Plackett-Luce Models

Contents

Plackett-Luce Models#

Plackett-Luce models are parameterised by a vector of quality for the candidates. The higher the quality of a candidate, the higher the change that they show up high in the rankings.

plackett_luce(num_voters: int, num_candidates: int, alphas: list[float], seed: int = None) ndarray[source]#

Generates ordinal votes according to Plackett-Luce model.

This model is parameterised by a vector alphas intuitively indicating a quality for each candidate. A vote is generated in m steps (m being the number of candidates). The vote is filled up from most preferred to least preferred candidate. For the initial draw, the probability of selecting a candidate is equal to its quality (normalised). Then, this candidate is removed and the quality are re-normalised.

A collection of num_voters vote is generated independently and identically following the process described above.

For a similar model, see the didi() model.

Parameters:
  • num_voters (int) – Number of Voters.

  • num_candidates (int) – Number of Candidates.

  • alphas (list[float]) – List of model parameters (quality of the candidates).

  • seed (int, default: None) – Seed for numpy random number generator.

Returns:

Ordinal votes.

Return type:

np.ndarray

Examples

from prefsampling.ordinal import plackett_luce

# Sample from a Plackett-Luce model with 2 voters and 3 candidates, the qualities of
# candidates are 0.5, 0.2, and 0.1.
plackett_luce(2, 3, (0.5, 0.2, 0.1))

# For reproducibility, you can set the seed.
plackett_luce(2, 3, (5, 2, 0.7), seed=1002)

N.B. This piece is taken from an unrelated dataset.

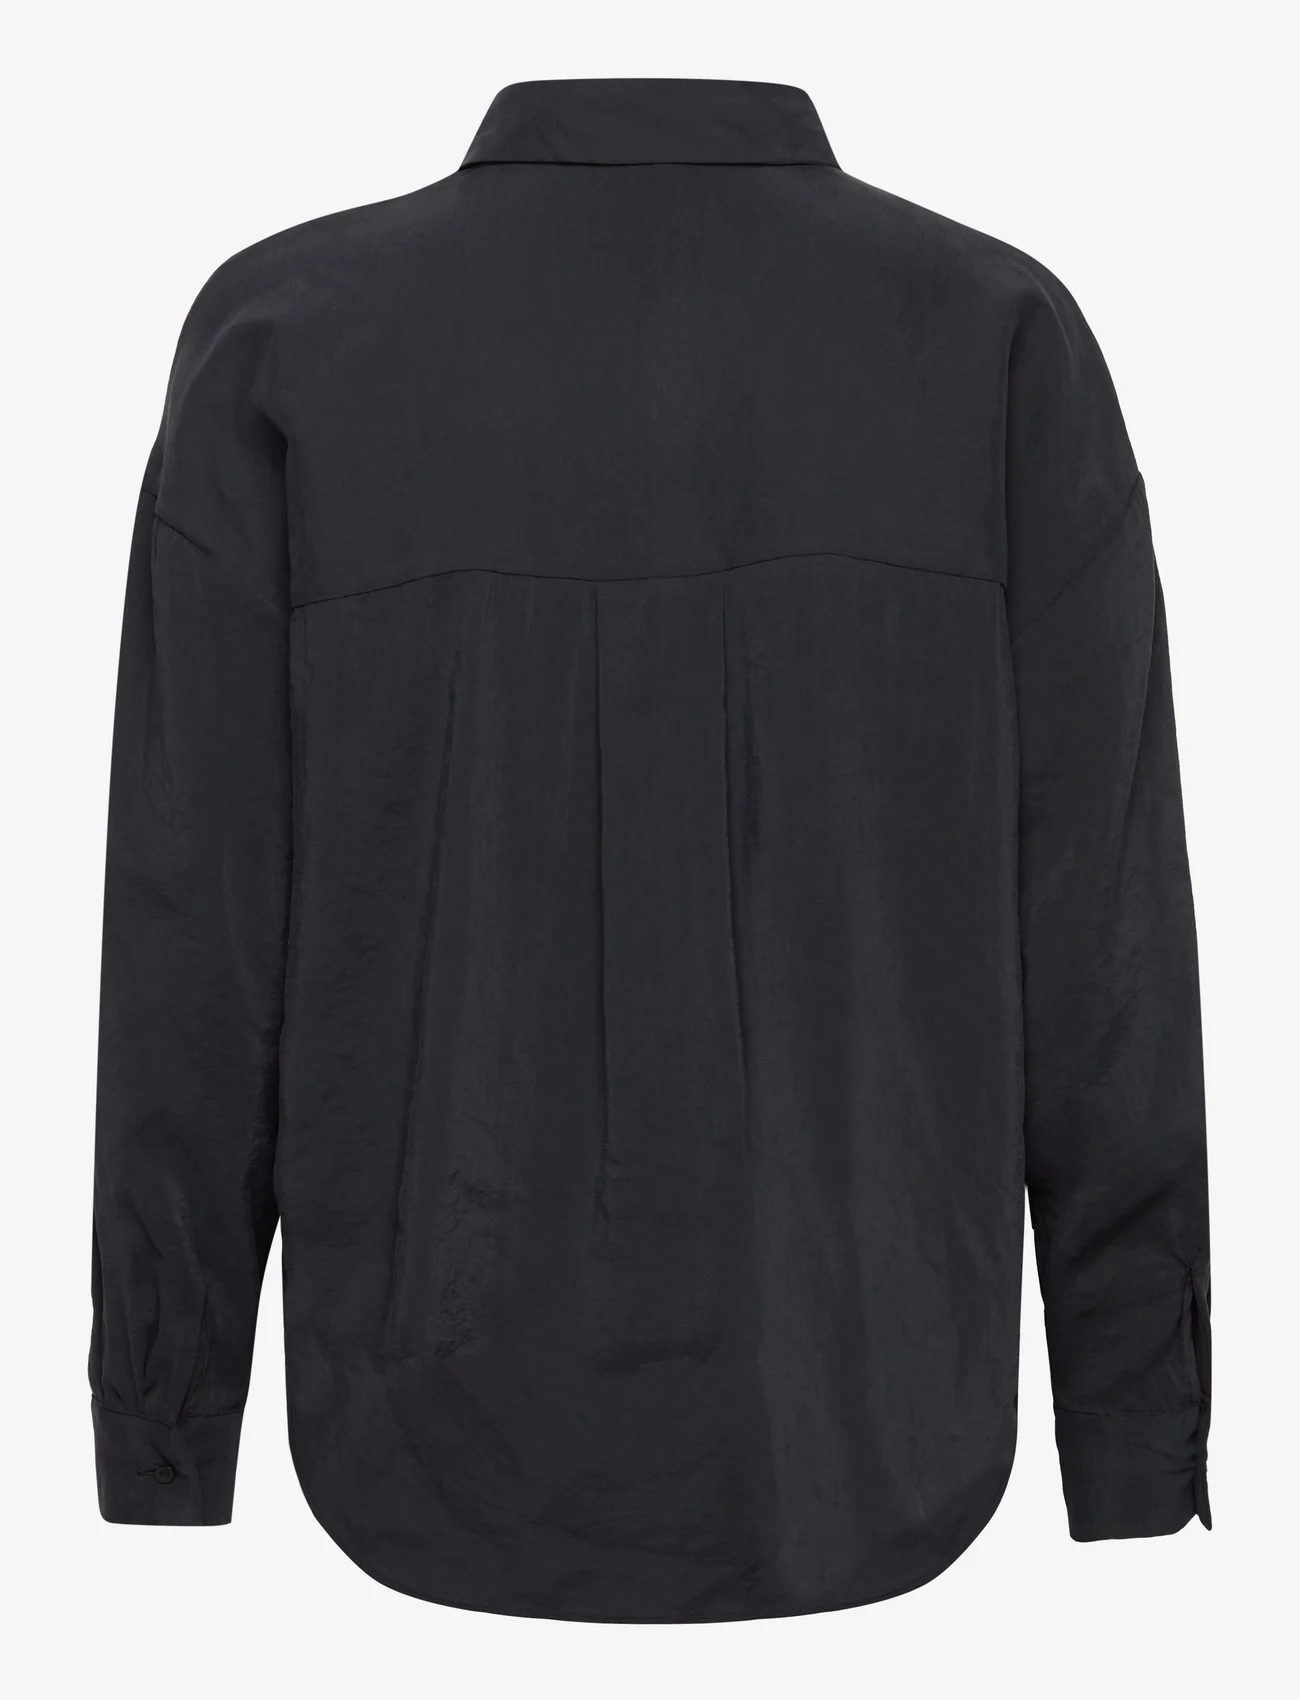 ONLY - ONLIRIS L/S MODAL SHIRT  WVN - pitkähihaiset paidat - black - 1

# Don't forget to provide a quality for all candidates
try:
    plackett_luce(2, 3, (0.5, 0.2))
except ValueError:
    pass

# And all quality scores need to be strictly positive
try:
    plackett_luce(2, 3, (0.5, 0.2, -0.4))
except ValueError:
    pass
try:
    plackett_luce(2, 3, (0.5, 0.2, 0))
except ValueError:
    pass

Validation

The probability distribution governing the Plackett-Luce model is well documented. Specifically, given n agents and m candidates and a vector of candidates qualities \mathbf{\alpha} = (\alpha_1, \ldots, \alpha_m), the probability of generating a ranking a_{i_1} \succ a_{i_2} \succ \cdots \succ a_{i_m} is equal to:

\frac{\alpha_{i_1}}{1} \times \frac{\alpha_{i_2}}{\sum_{p > 1}\alpha_{i_p}}
\times \cdots \times \frac{\alpha_{i_{m-1}}}{\alpha_{i_{m-1}} + \alpha_{i_m}}.

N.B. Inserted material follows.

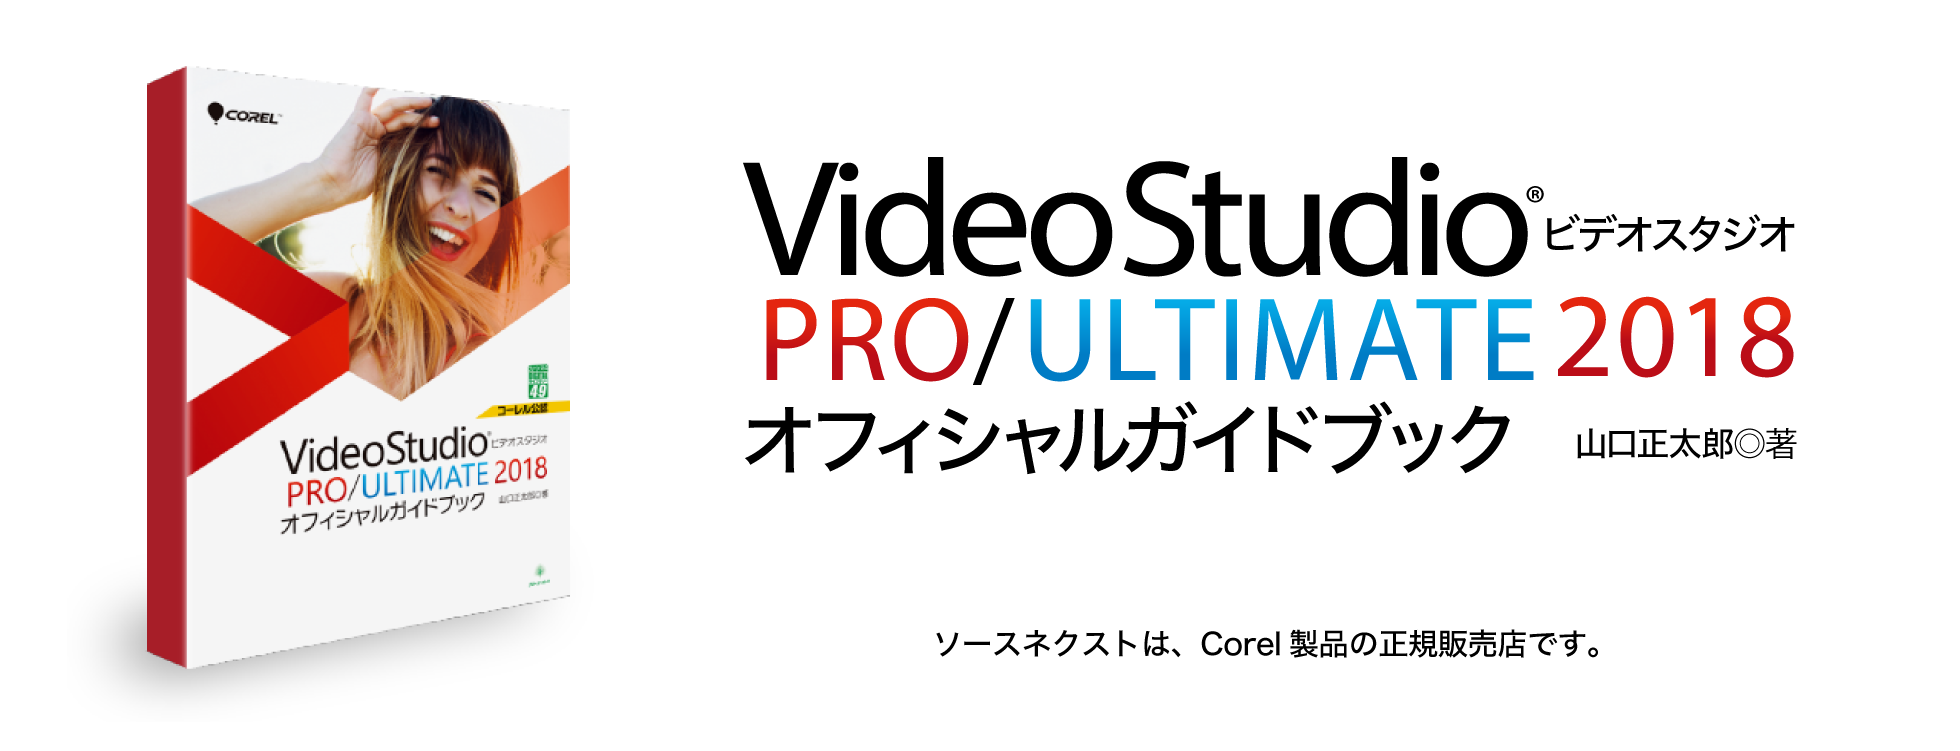 Corel Video Studio 2018 PRO/ULTI

We test that the observed frequencies of rankings aligns with the theoretical probability distribution.

Observed versus theoretical frequencies for a Plackett-Luce model with alpha=[0.62935964 0.23667638 0.03172772 0.96967788 0.83727159] Observed versus theoretical frequencies for a Plackett-Luce model with alpha=[1.0, 0.3, 0.3, 0.3, 0.3]

When all values in alphas are equal, we are supposed to observe a uniform distribution over all rankings.

Observed versus theoretical frequencies for a Plackett-Luce model with alpha=[0.1, 0.1, 0.1, 0.1, 0.1]

References

Individual Choice Behavior: A Theoretical Analysis, R. Duncan Luce, New York: Wiley, 1959.

The Analysis of Permutations, Robert L. Plackett, Applied Statistics 24 (2): 193–202, 1975.

Learning Mixtures of Plackett-Luce Models, Zhibing Zhao, Peter Piech and Lirong Xia, Proceedings of the International Conference on Machine Learning (pp. 2906-2914), 2016.